(WHAT THE TASK REQUIRES):
Every line of the listing below must be printed again exactly, apart from its pictures.

(INPUT DATA):
-*-*-

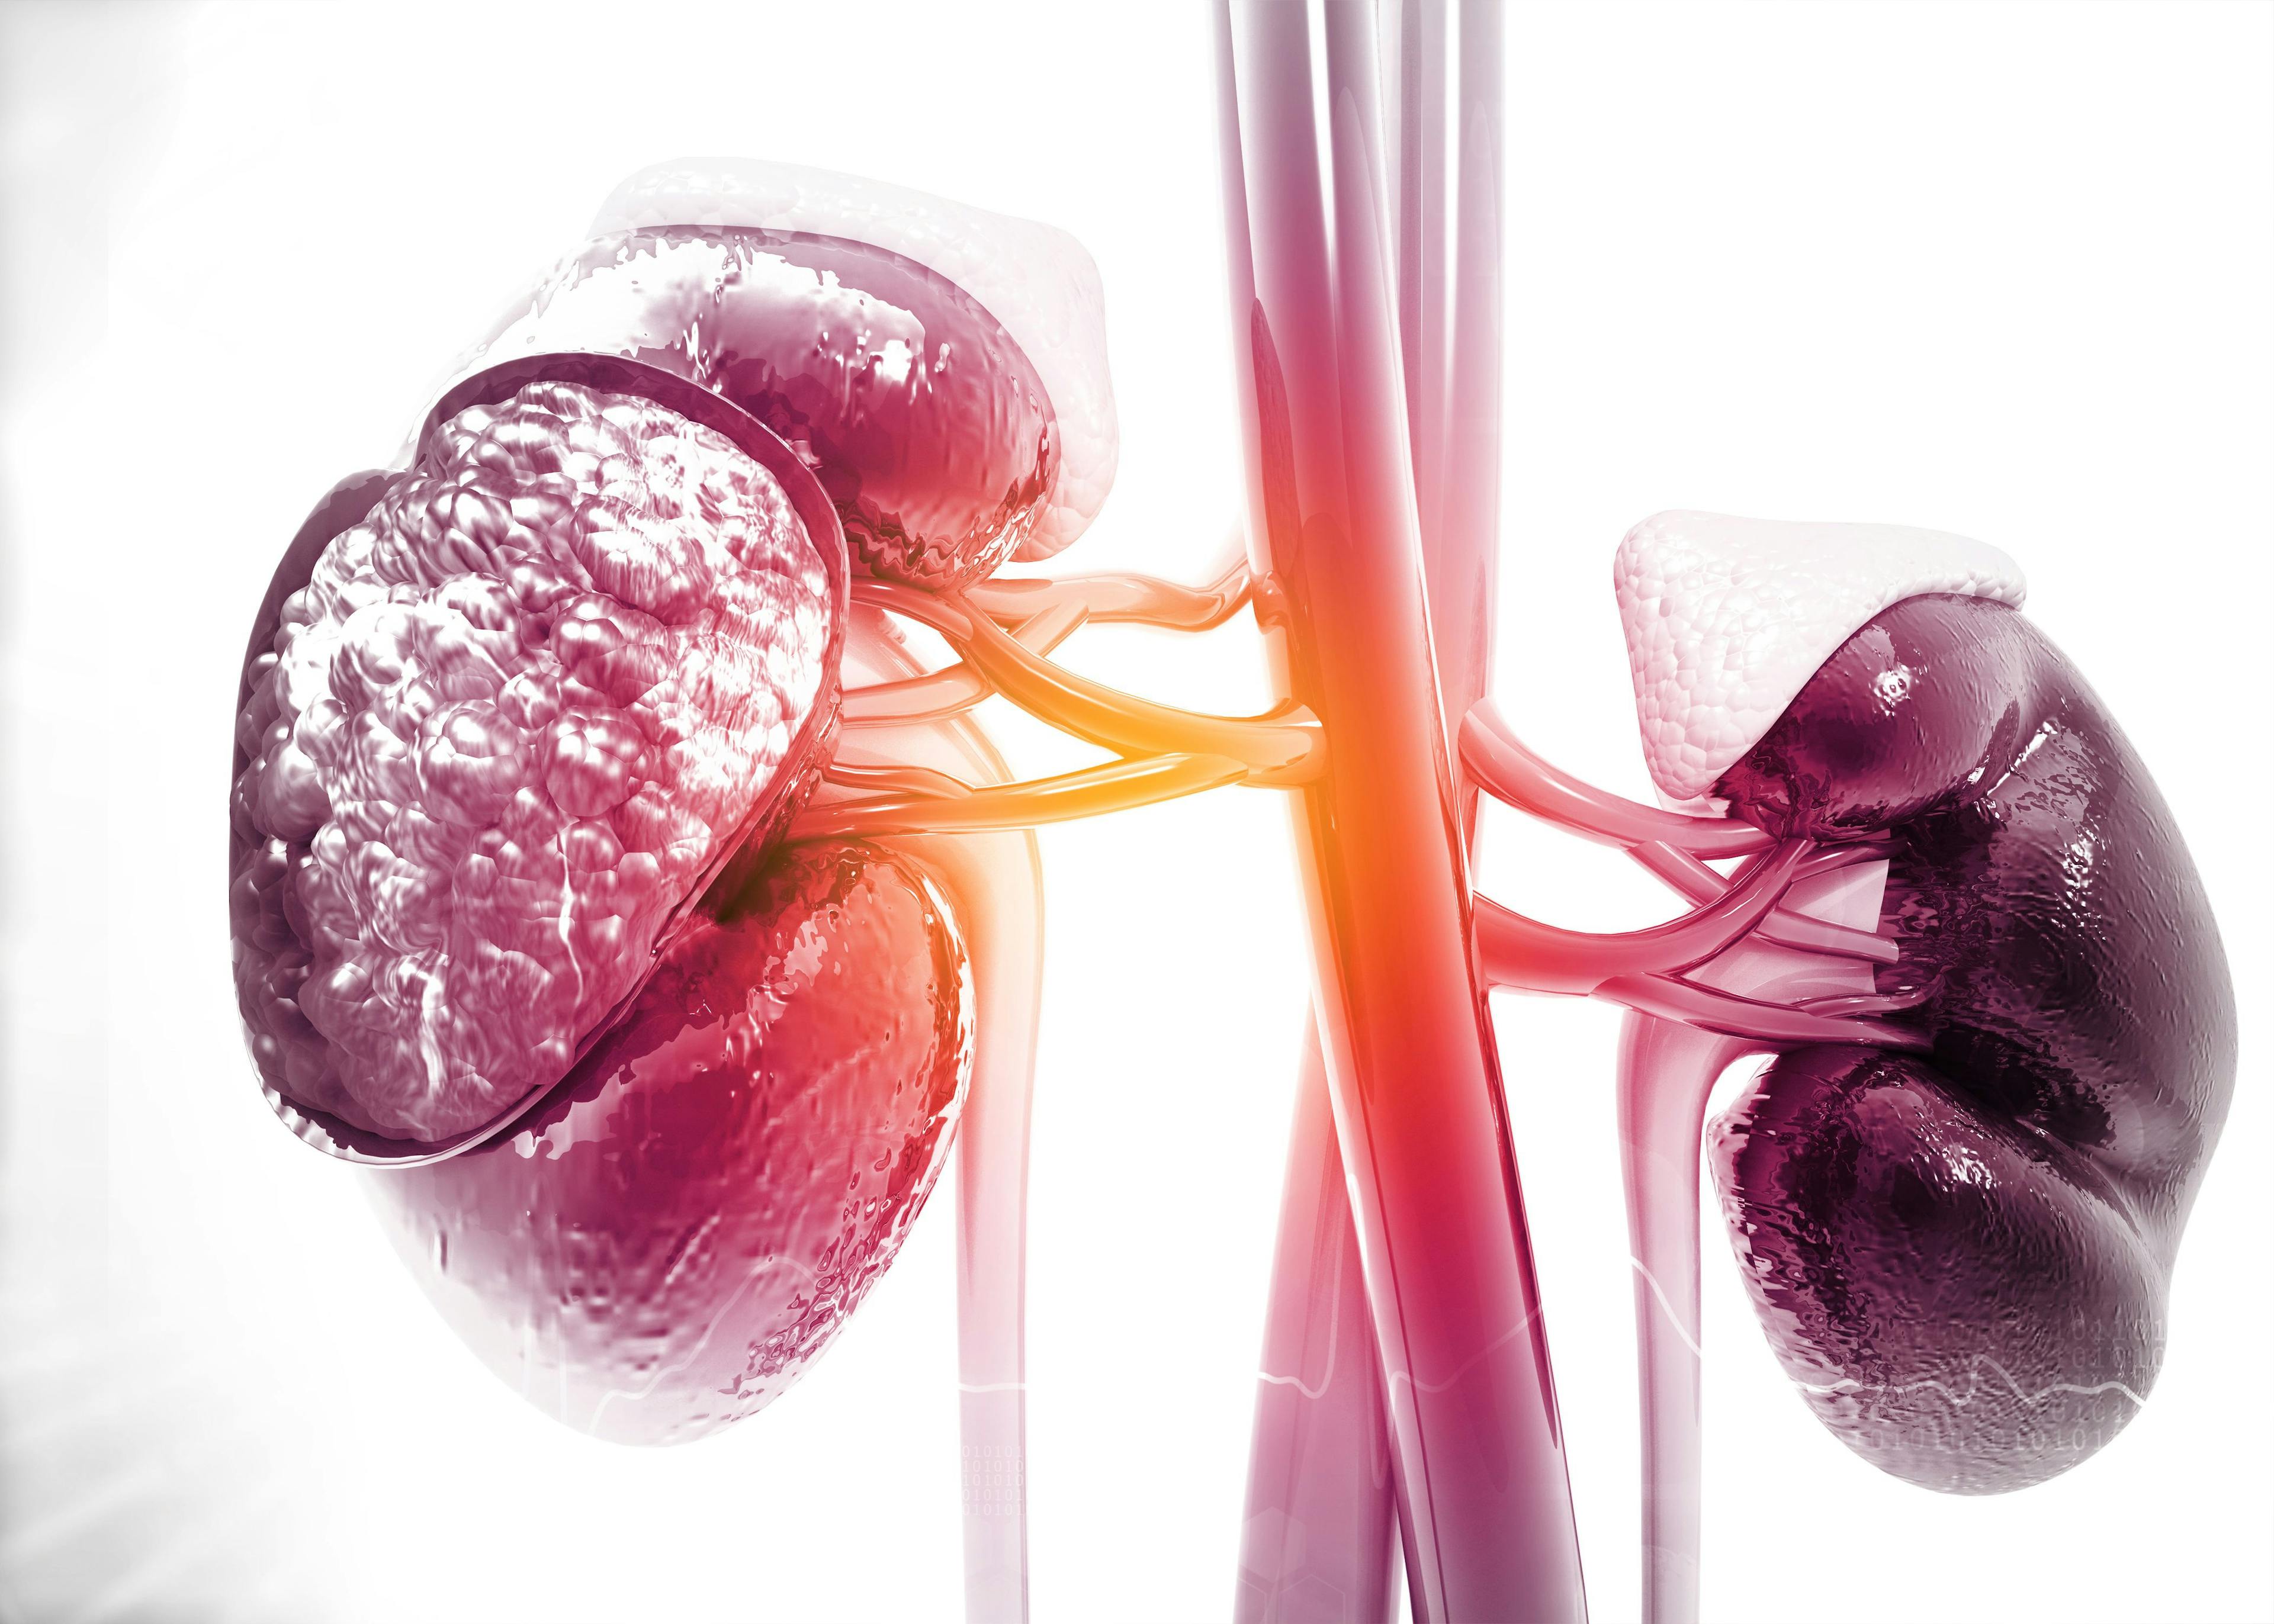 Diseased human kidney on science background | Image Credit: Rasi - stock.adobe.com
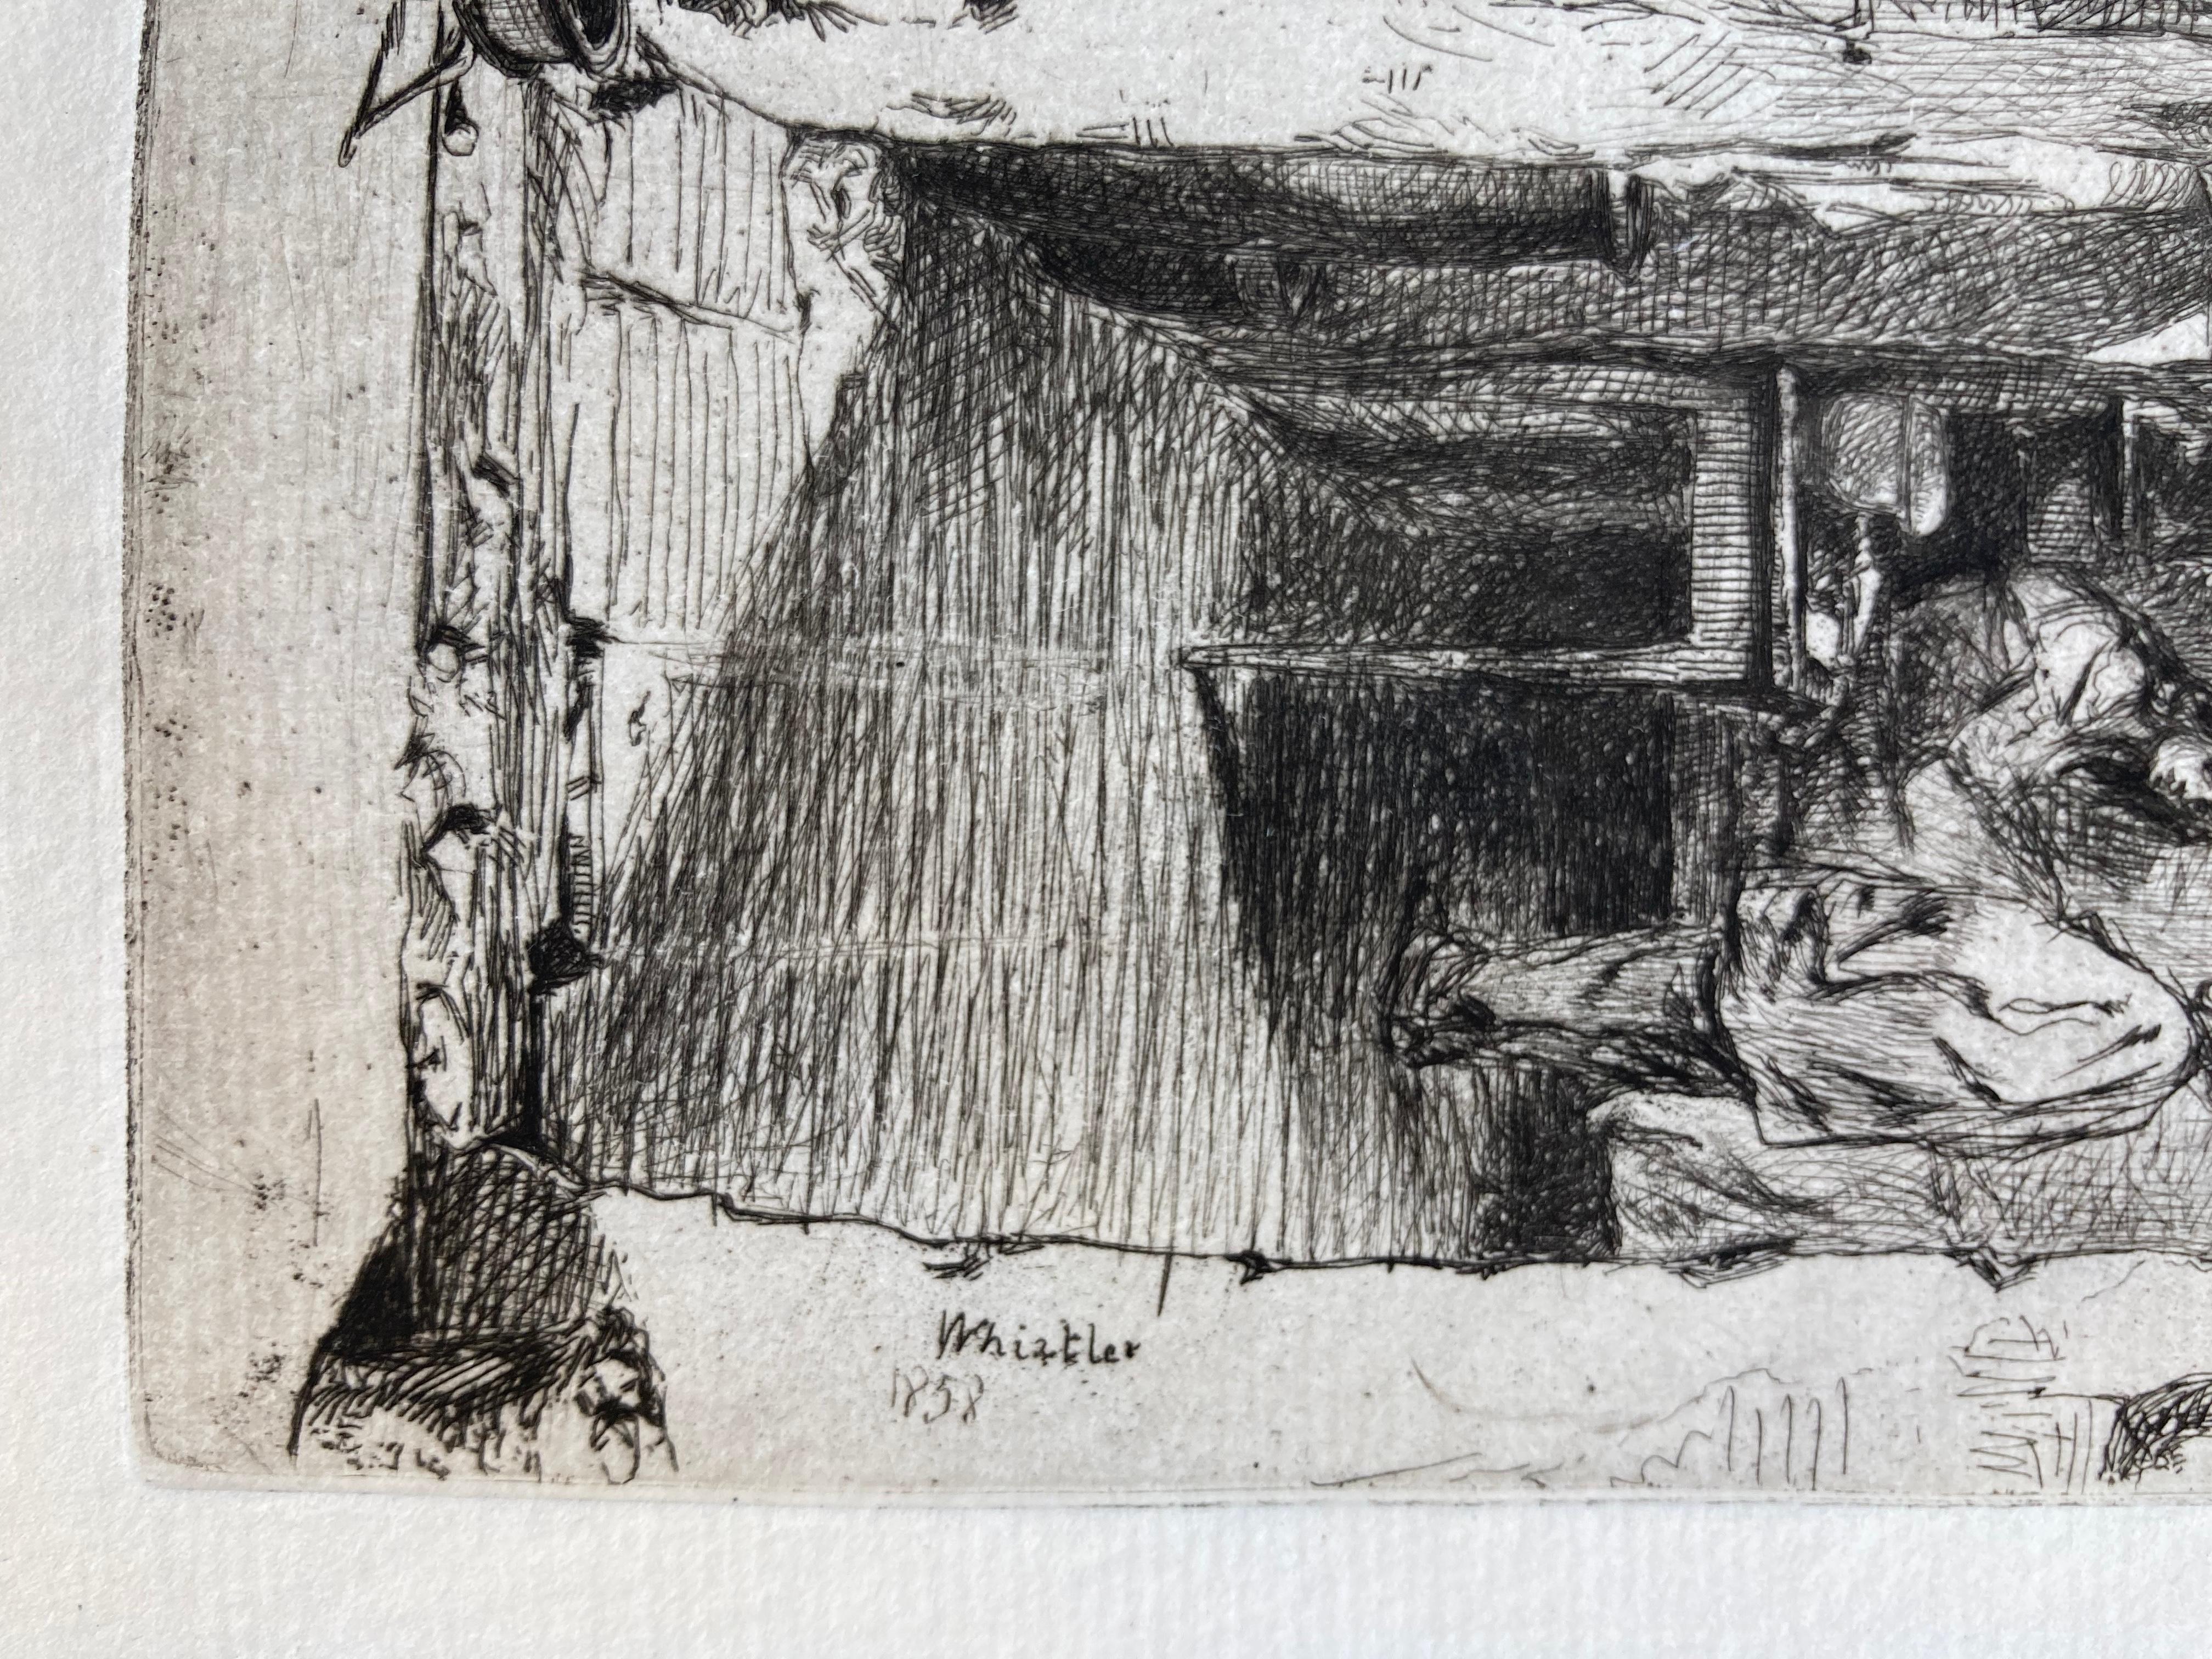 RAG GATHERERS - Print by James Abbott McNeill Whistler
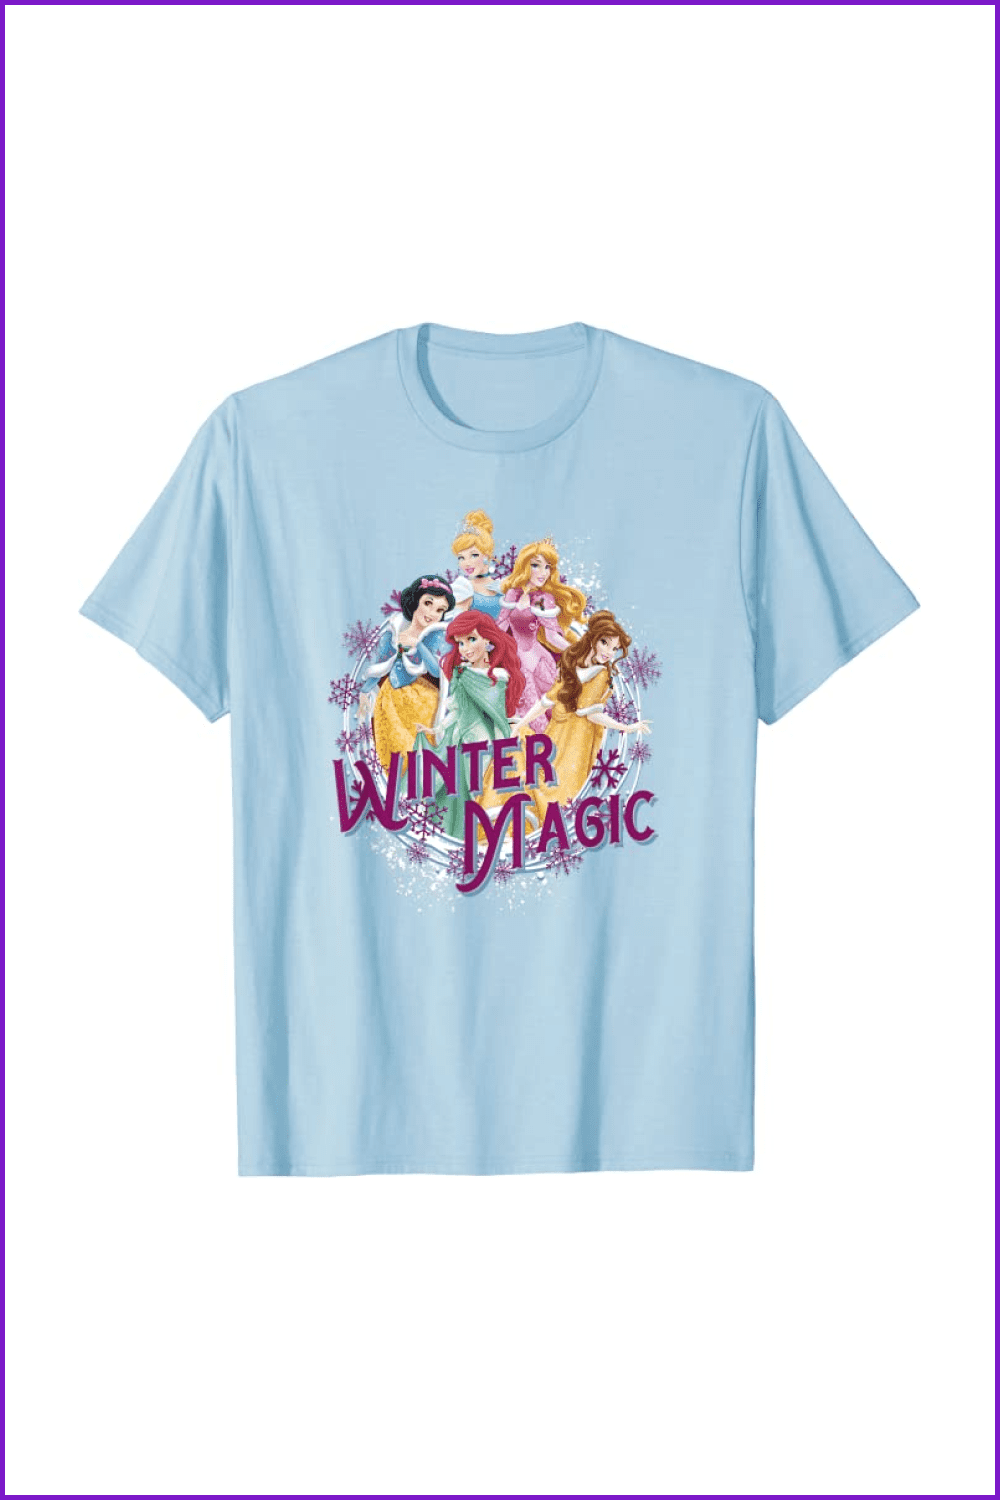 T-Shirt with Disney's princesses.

-*-*-

(RESPONSE BOX):
 Diseased human kidney on science background | Image Credit: Rasi - stock.adobe.com
 RAG GATHERERS - Print by James Abbott McNeill Whistler
 T-Shirt with Disney's princesses.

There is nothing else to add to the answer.